Retail sales fell in February, as consumers curbed their spending and the stimulus from the tax cuts began to disappear.
According to the Commerce Department’s monthly retail sales report, retail and food services sales for February declined 0.2 percent from January but were 2.2 percent higher than a year ago. Non-store retailers were up 10 percent on a year-over-year basis and health and personal care store sales were up 5.9 percent compared to last year.
Sales figures for February were lower than what economists polled by Reuters were expecting. The news outlet reported economists forecast retail sales to increase 0.3 percent in February. Consumers may have reigned in spending because there has been a delay in processing taxes due to the recent partial government shutdown. That shutdown lasted more than a month and the government is still catching up. Tax refunds are also down due to changes in the tax code. Reuters noted that the weather may have also hurt retail sales.
The retail sales decline is just the latest signal that the economy could be slowing down.
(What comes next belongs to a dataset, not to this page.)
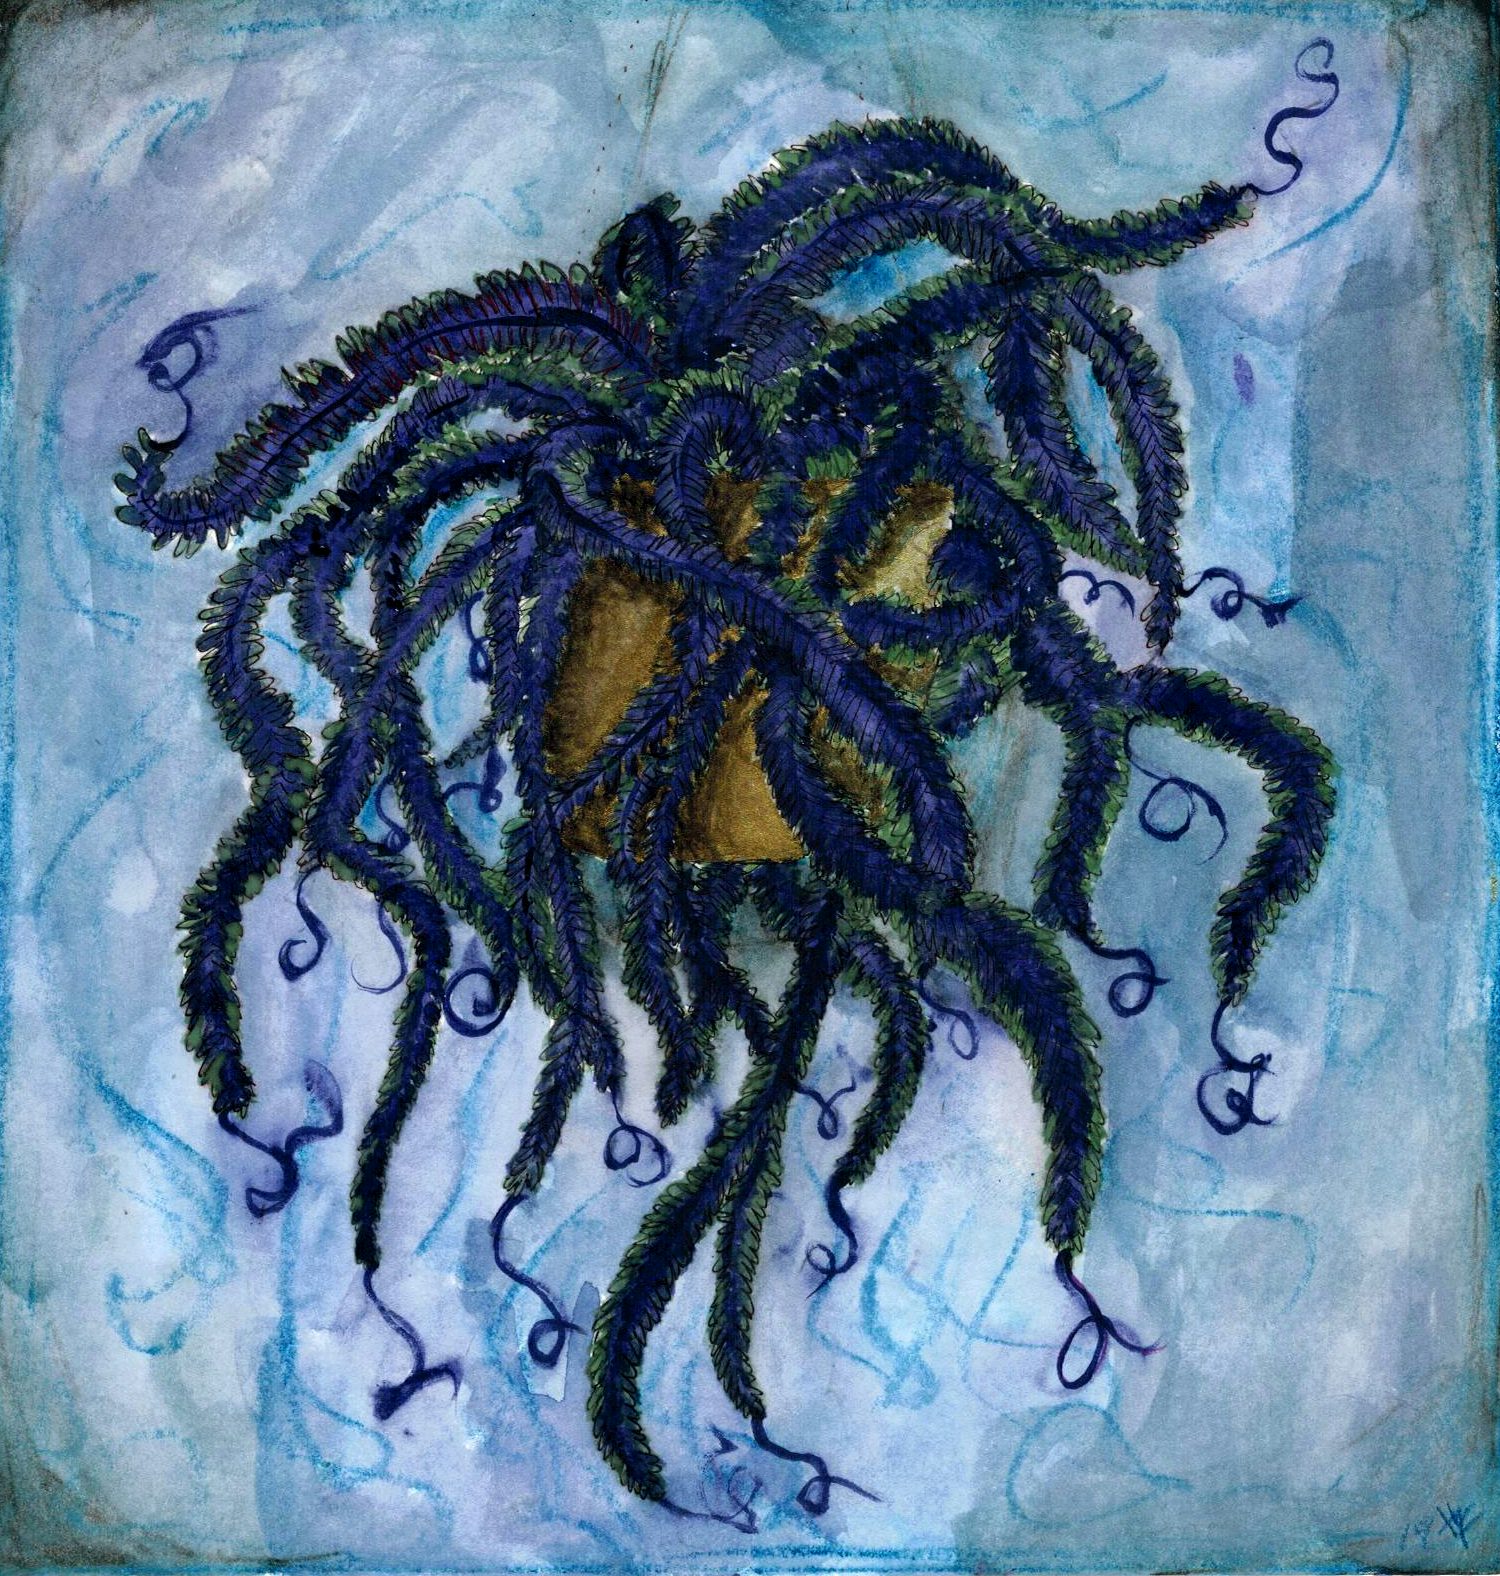 Image Description: A fern with indigo curls floats on a blue background.

In the fourth quarter, the economy grew 2.2 percent. That comes on the heels of a 3.4 percent increase in the economy in the third quarter. It is also below the 2.6 percent increase initially reported. For all of last year, growth was 2.9 percent. Economists expect growth to be just 2.4 percent in 2019.
Hurting growth is the trade war with China, the dwindling benefits from the tax cuts and the Brexit situation. All that uncertainty is prompting businesses and consumers to reign in spending.
The news report noted that sales for building materials, garden equipment and supplies saw a 4.4 percent decline in February, marking the largest decline since April of 2012. Meanwhile, sales at clothing stores declined 0.4 percent while furniture sales were down 0.5 percent in February. Food and beverage sales were also down, falling 1.2 percent. According to the report, that is the largest decline for the sector in 10 years.